Huiswammen hebben een week leerachtig en korstvormig kiemvlies waarop de voorplantingsorganen met de sporen gevormd worden. Het mosterdgele tot roestbruine vruchtlichaam is sterk labyrint- tot netvormig geplooid met een brede, witte, wollige tot viltige randzone, waardoor deze zwammen goed herkenbaar zijn. Hij vormt tot enkele dm grote vruchtlichamen op dood naaldhout.
De Dakloze huiszwam kan in naaldbossen zowel op wat rijkere bodems als op arme zandgronden gevonden worden. Voor zijn voortbestaan heeft hij net zoals de meeste korst- en schorszwammen een hoge luchtvochtigheid nodig. In de late herfst en tijdens vorstvrije dagen in de winterperiode zijn de leefomstandigheden ideaal voor dit soort zwammen. Ook al heeft de Dakloze huiszwam geen dak boven zich, hij heeft toch een bijzondere Nederlandse naam gekregen.

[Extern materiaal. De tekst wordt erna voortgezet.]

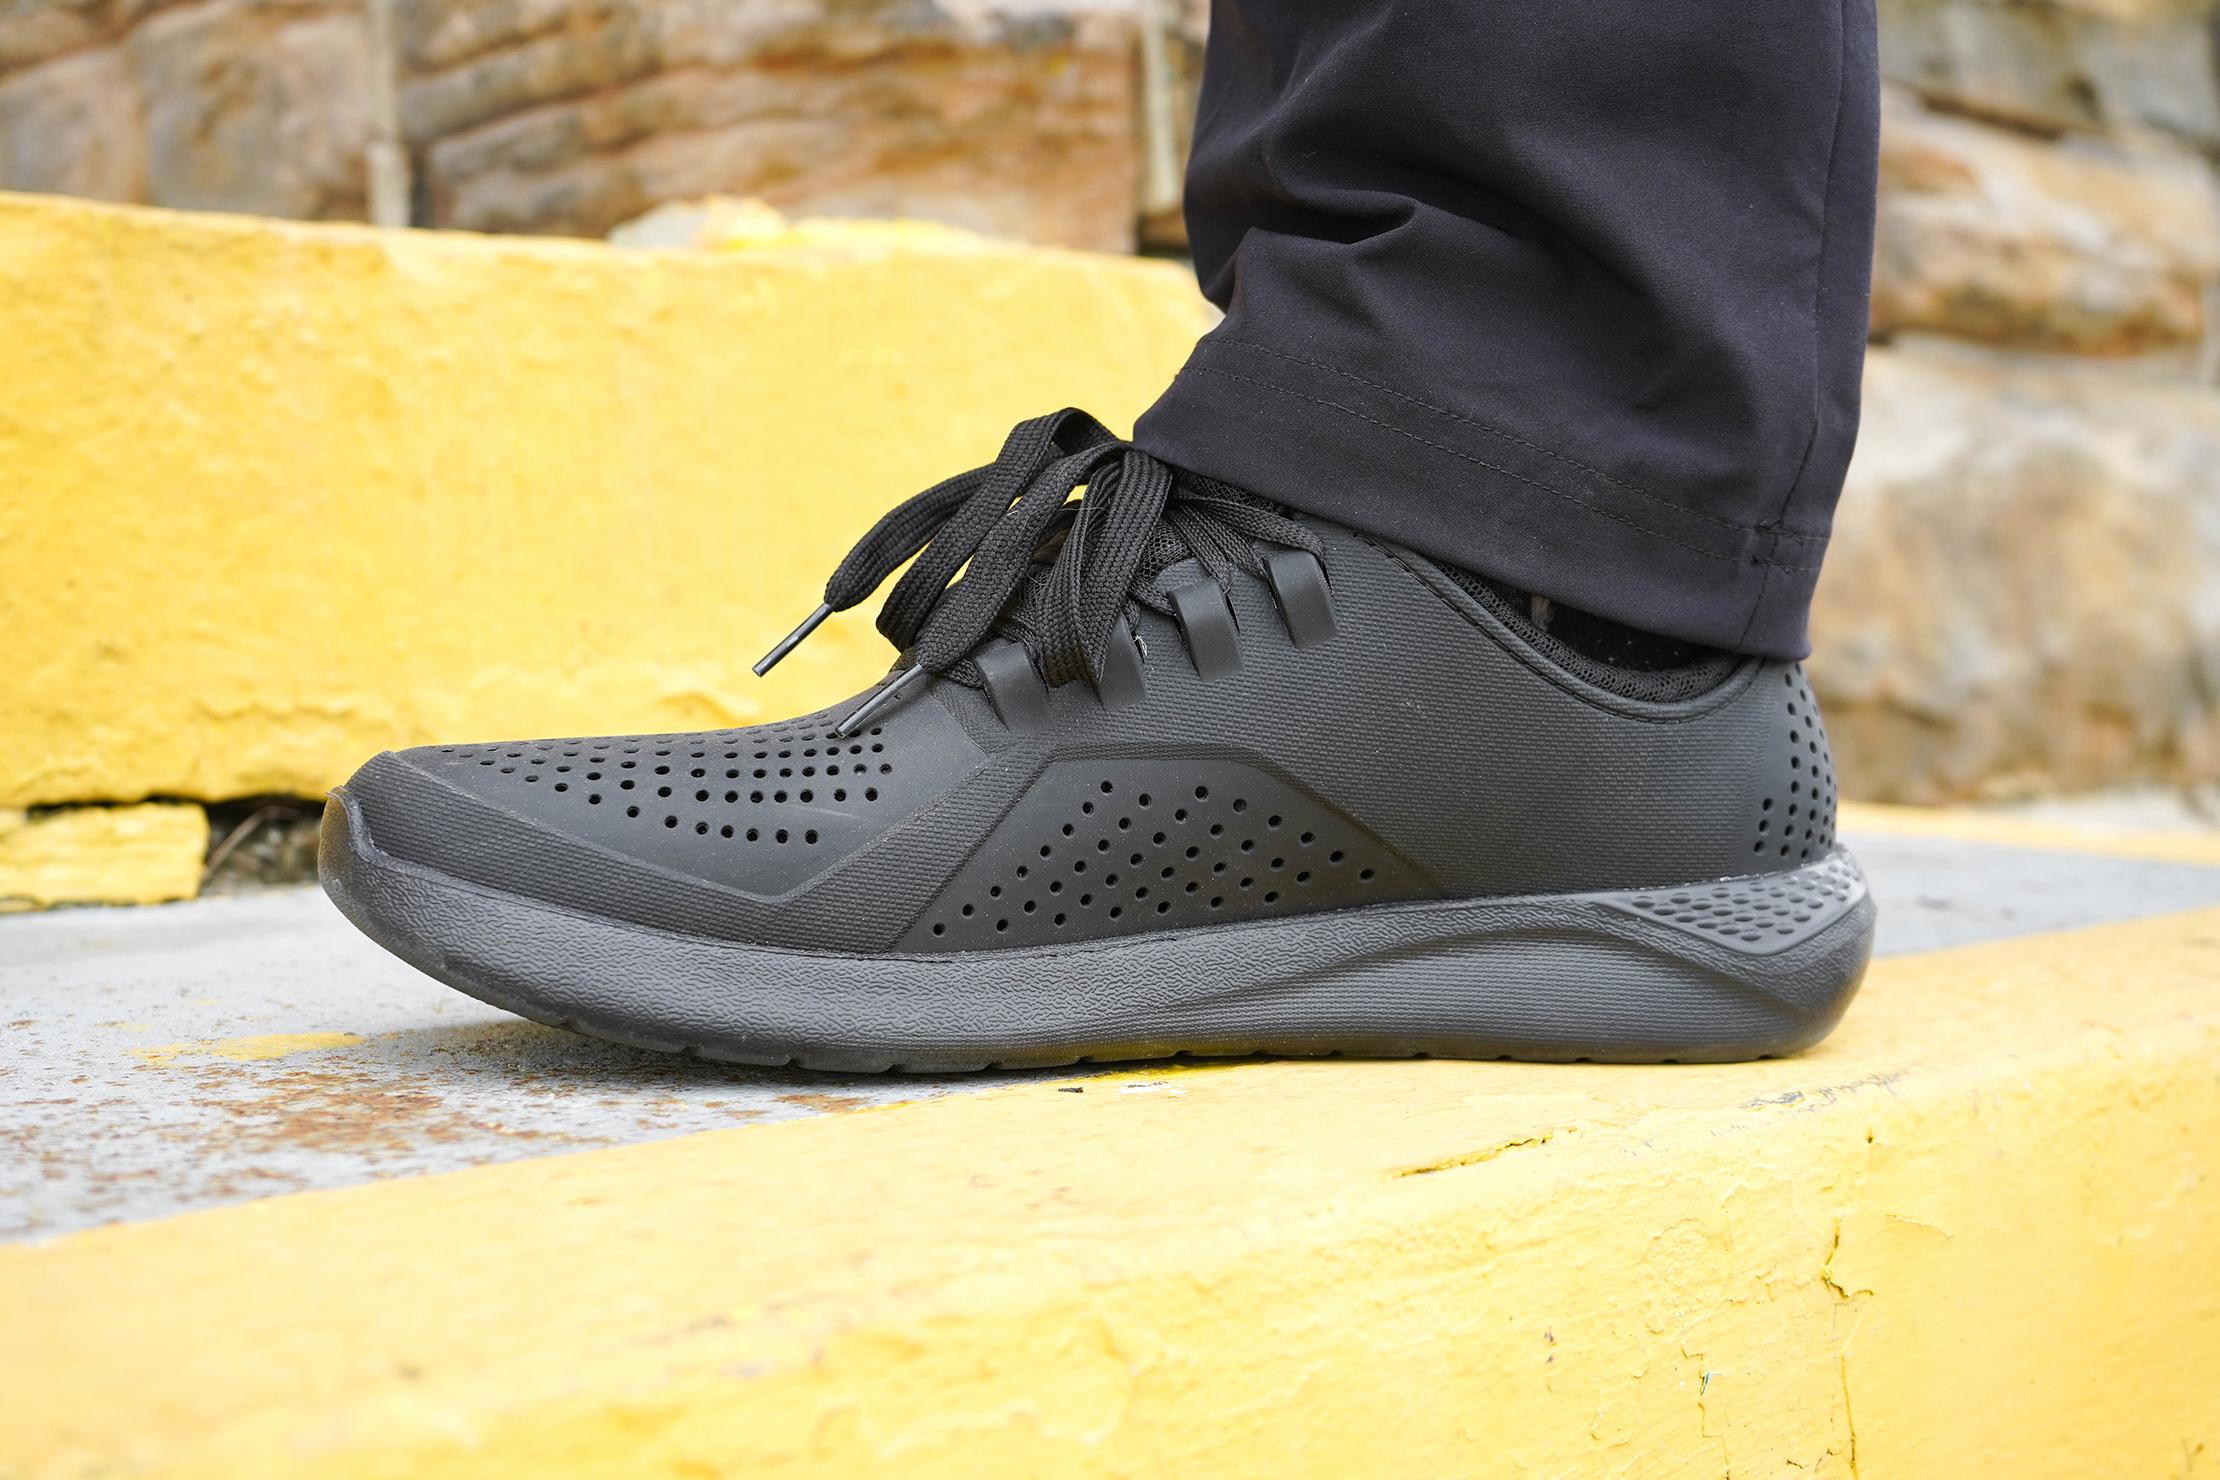 Crocs LiteRide Pacer Review | Pack Hacker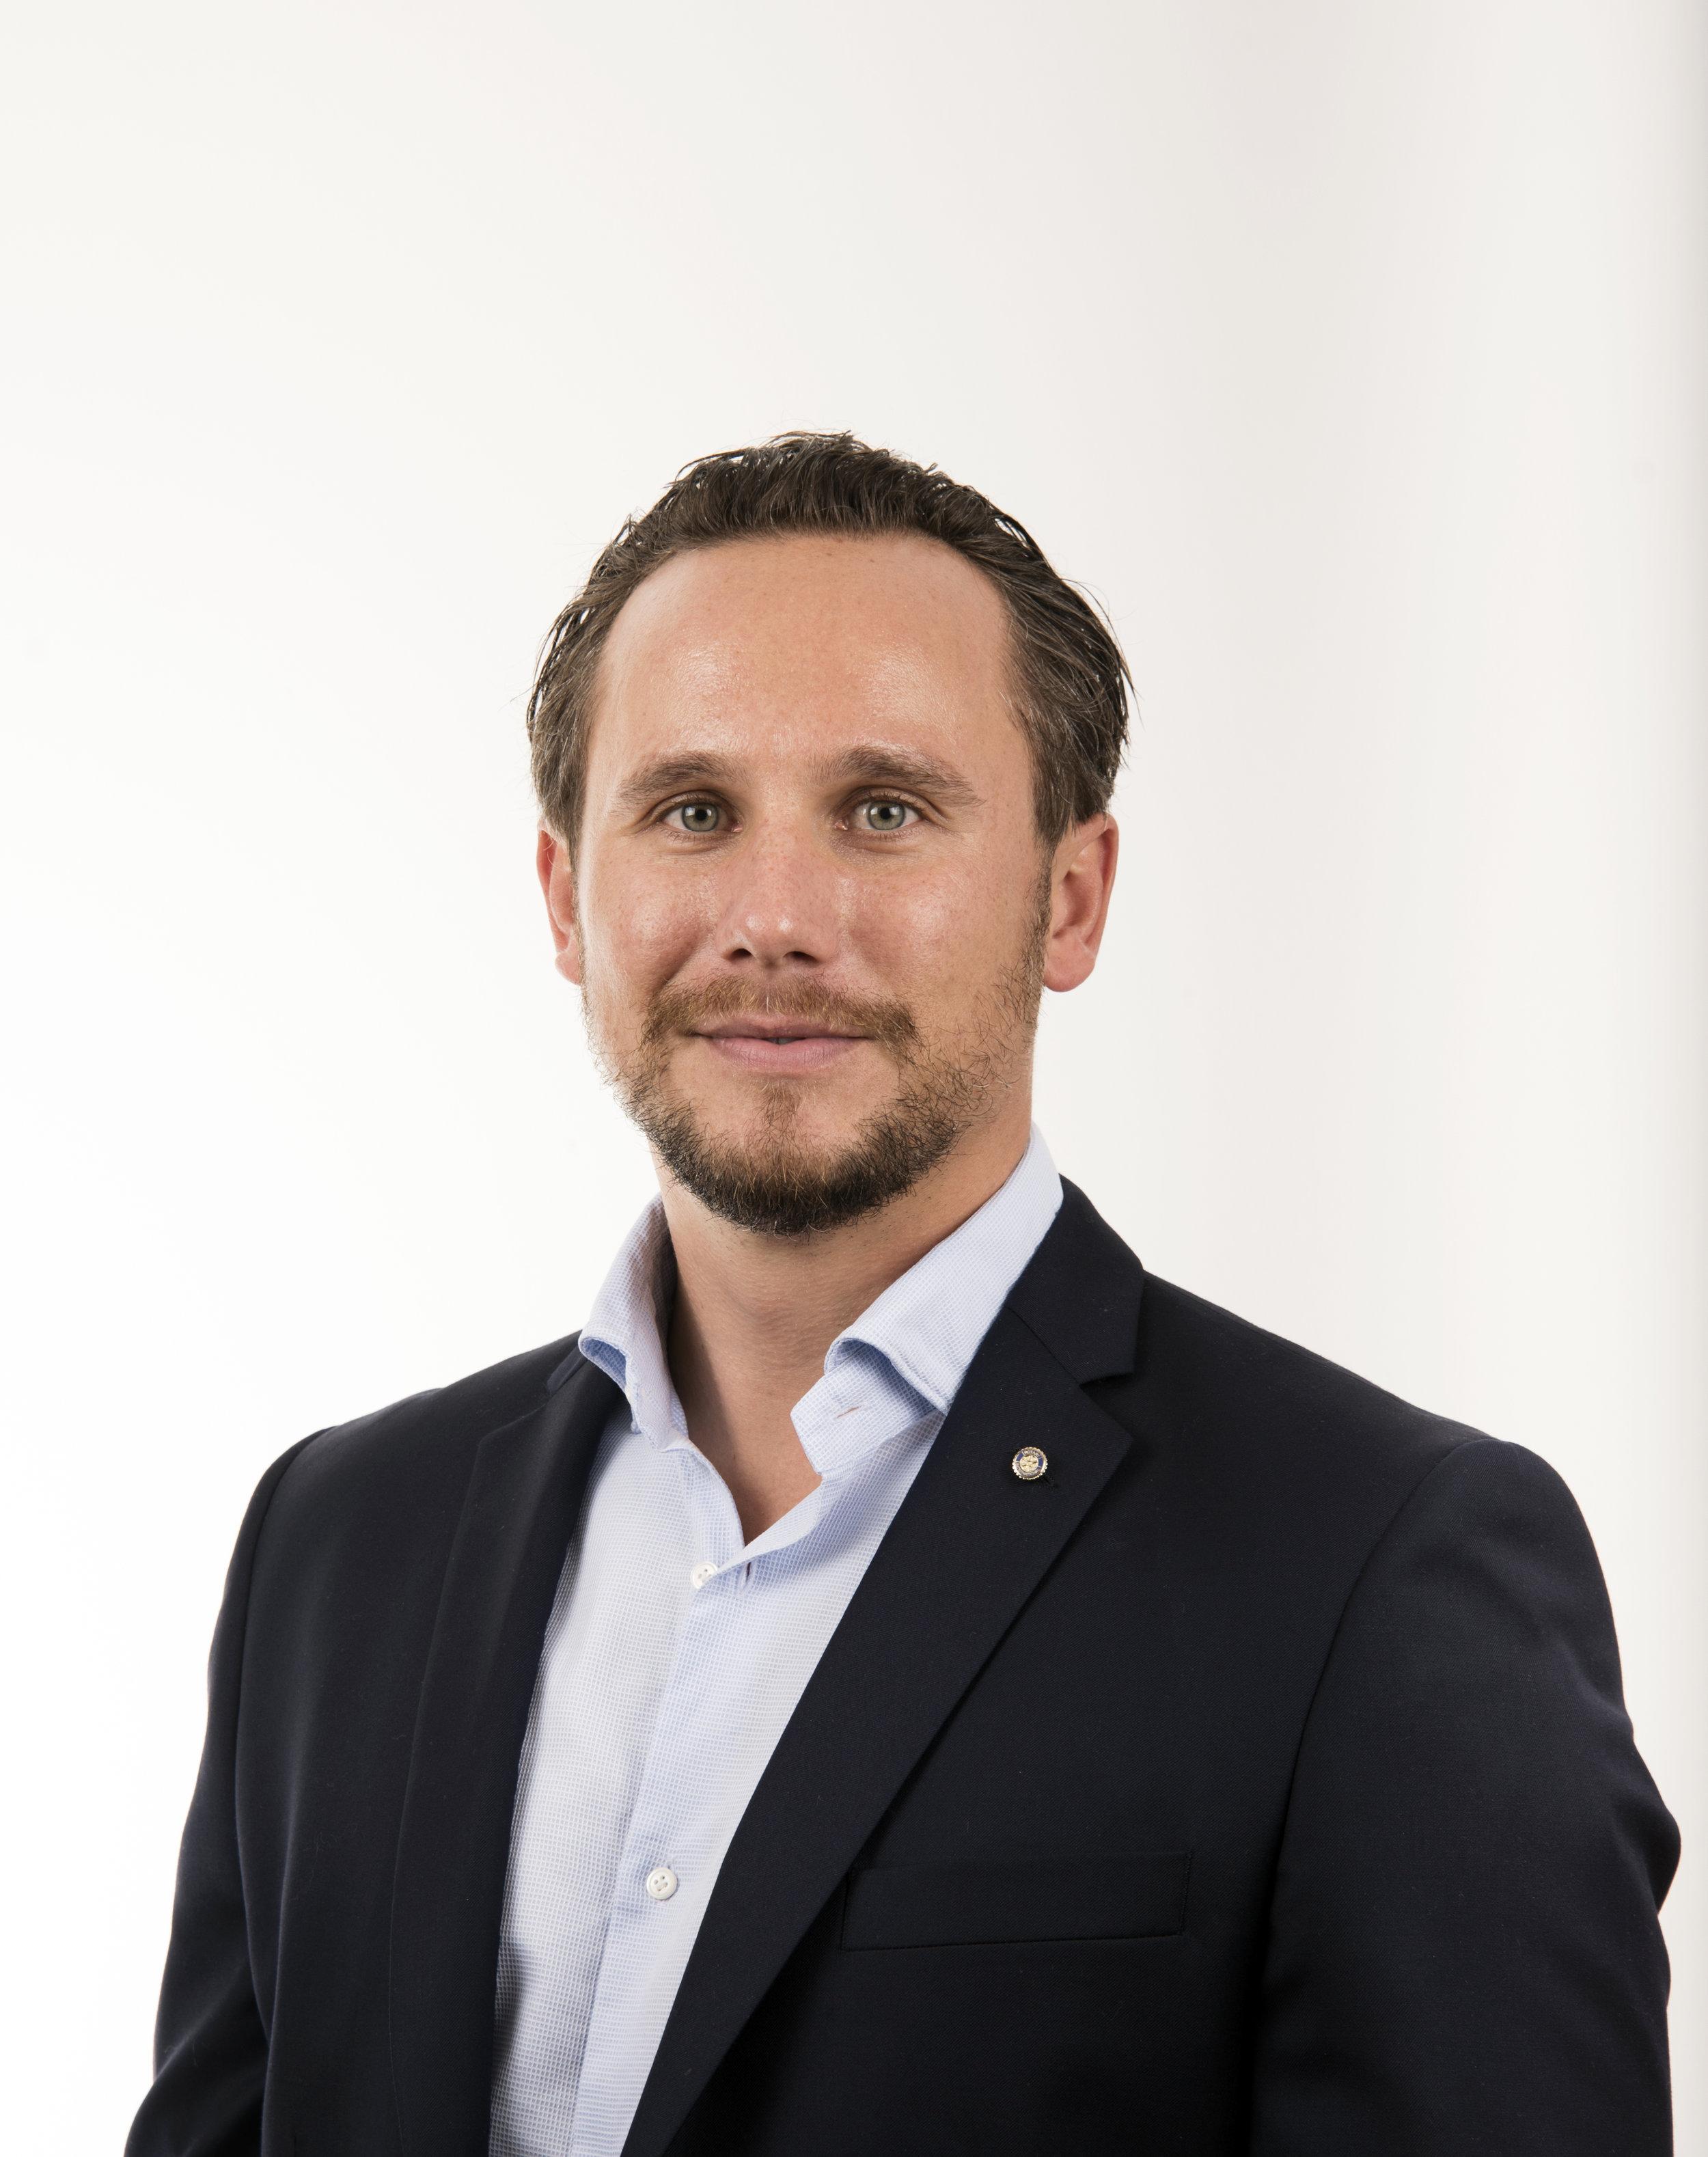 Patrik Lobe, CEO

In Vlaanderen is de Dakloze huiszwam niet echt algemeen. De soort heeft echter een erg groot verspreidingsgebied: ze komt op alle continenten voor, behalve Antarctica. Recent onderzoek heeft wel aangetoond dat de Dakloze huiszwam een complex van cryptische (schijnbaar identieke) soorten is. De Dakloze huiszwam uit Zuid-Amerika is dus niet dezelfde als de Europese.
En tenslotte nog dit: eten kan je de Dakloze huiszwam niet, maar onderzoekers troffen er wel nieuwe antibiotische stoffen in aan. Misschien vinden we die ooit nog terug in de apotheek?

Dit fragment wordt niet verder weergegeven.